Step Two: Define Population Structure

SimGBS first defines a founder population, where variants (i.e., SNPs and QTL) of each founder are sampled based on sampled allele frequencies.

By taking the gene drop approach , SimGBS models crossing overs between any pair of individuals, and sample recombination sites randomly across the genome. Haplotypes of their progeny can be then defined by tracking these recombination events (including the origin of maternal and parental chromosomes, as well as the recombination sites) at each generation.

The demographic history of the final population can be defined by controlling the size of founder population, manipulating the growth rate of the intermediate population.

Once the base population becomes available, users can supply a pedigree file to generate a breeding population.

Step Three: Simulate GBS Process

With selected GBS fragments (after fragment size-selection) and sampled SNP positions, SimGBS can determine short haplotypes by selecting only those variants that are captured by GBS fragments and keeping GBS fragments that contains variant(s).

For each retained GBS fragment (after size-selection), two GBS reads are generated for every diploid individual based on its short haplotypes. A unique short DNA sequence (barcode, as a sample identifier) will be attached to the 5' end of each GBS read.

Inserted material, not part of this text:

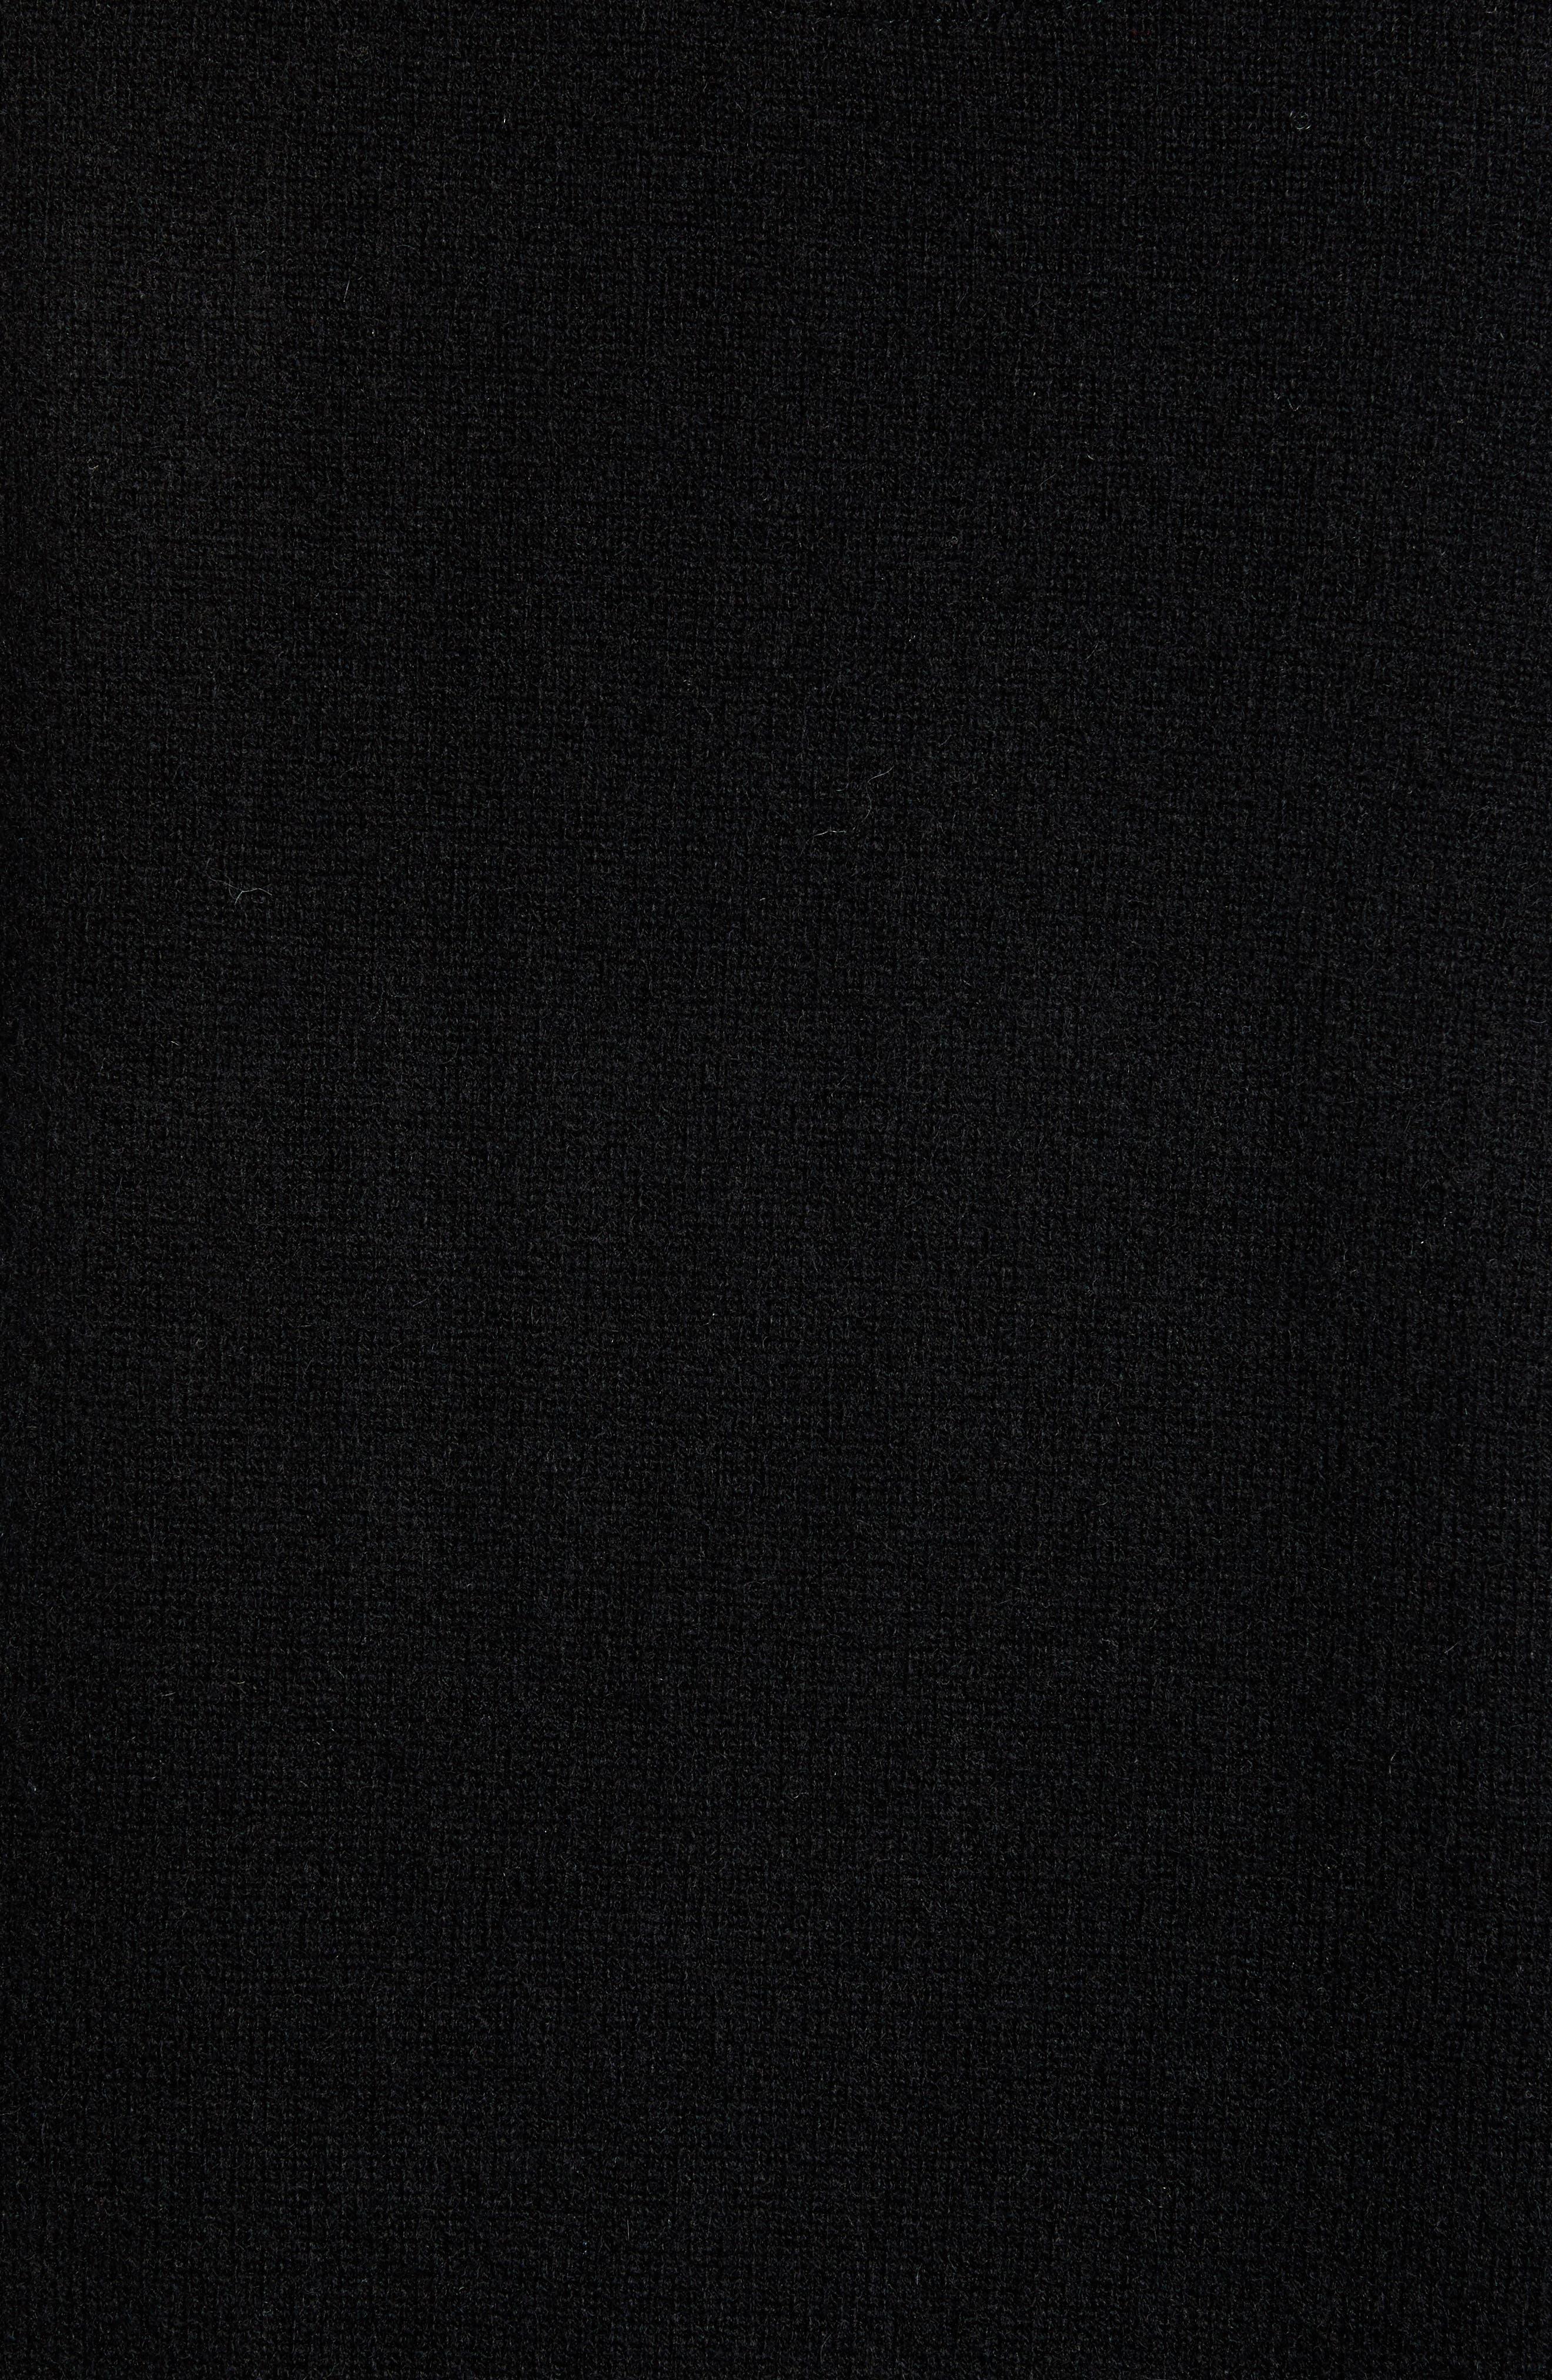 Cashmere V-Neck Sweater Vest,                             Alternate thumbnail 5, color,                             BLACK CAVIAR
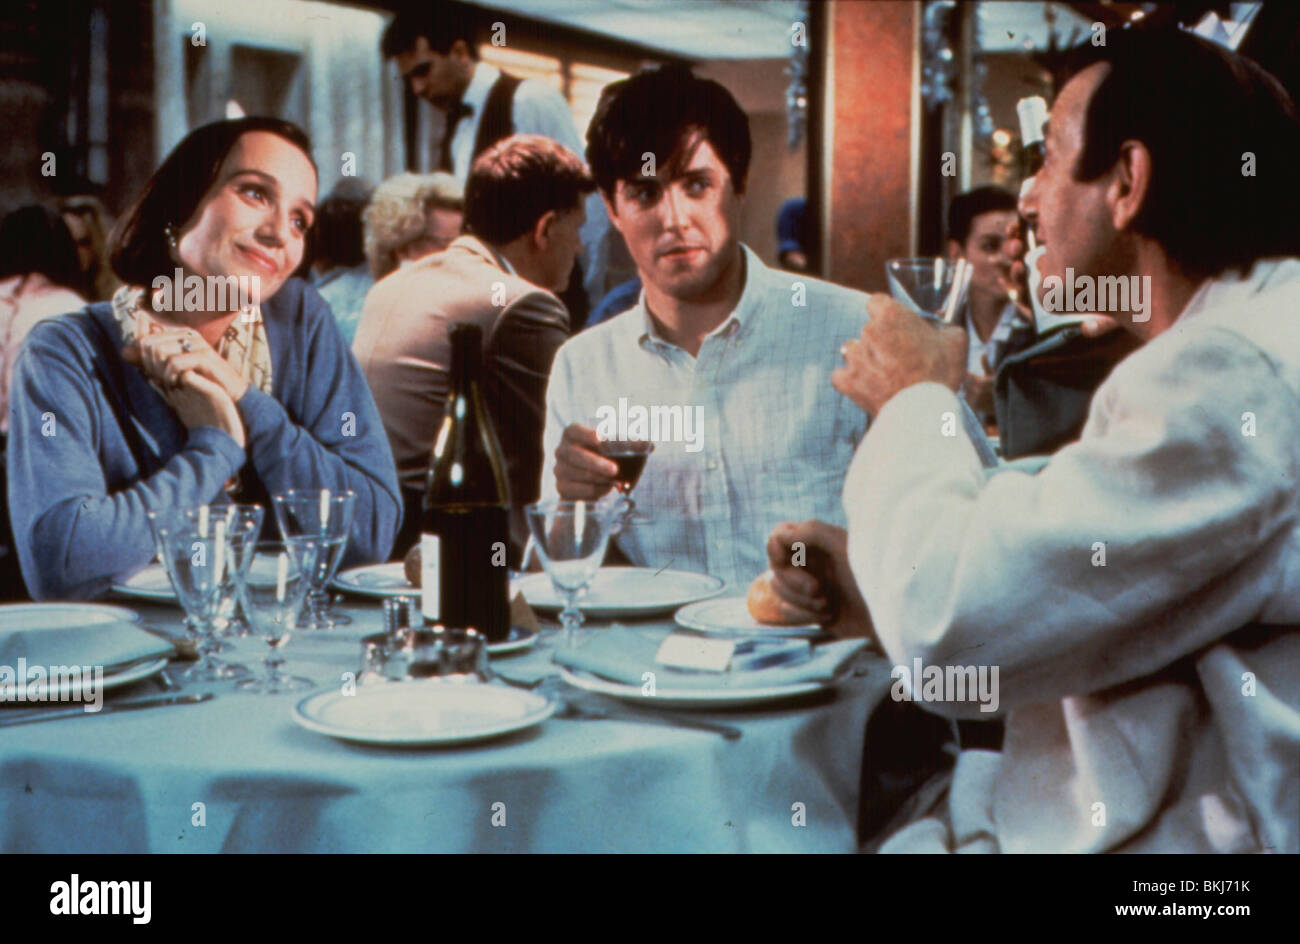 BITTER MOON (1992) KRISTIN SCOTT THOMAS, HUGH GRANT, PETER COYOTE BTM 031 - Stock Image

To capture variation in sequencing depth, a realised depth matrix is generated by sampling per-sample and per-locus depth from independent Gamma models respectively. Both Gamma models have identical means, equal to the average total sequencing depth, and the per-locus depth model comes with larger variance than per-sample depth model, as GBS protocols have been optimised to minimise between-sample depth variations. Actual read counts of each sample at per locus basis are then drawn from a Negative Binomial distribution with mean equal to its realised depth score.

Two GBS reads generated from a single locus for each sample (i.e., each carries maternal/paternal haplotype) will share the read counts at equal chance (i.e., Binomial sampling with probability equals 0.5).

Once the extact copies of each GBS read become known, SimGBS replicates each GBS read at the specified level. A header, which stores the information of sequencing, and a string of quality scores are then added to each GBS read to generate a GBS sequence. All simulated GBS reads are in FASTQ format.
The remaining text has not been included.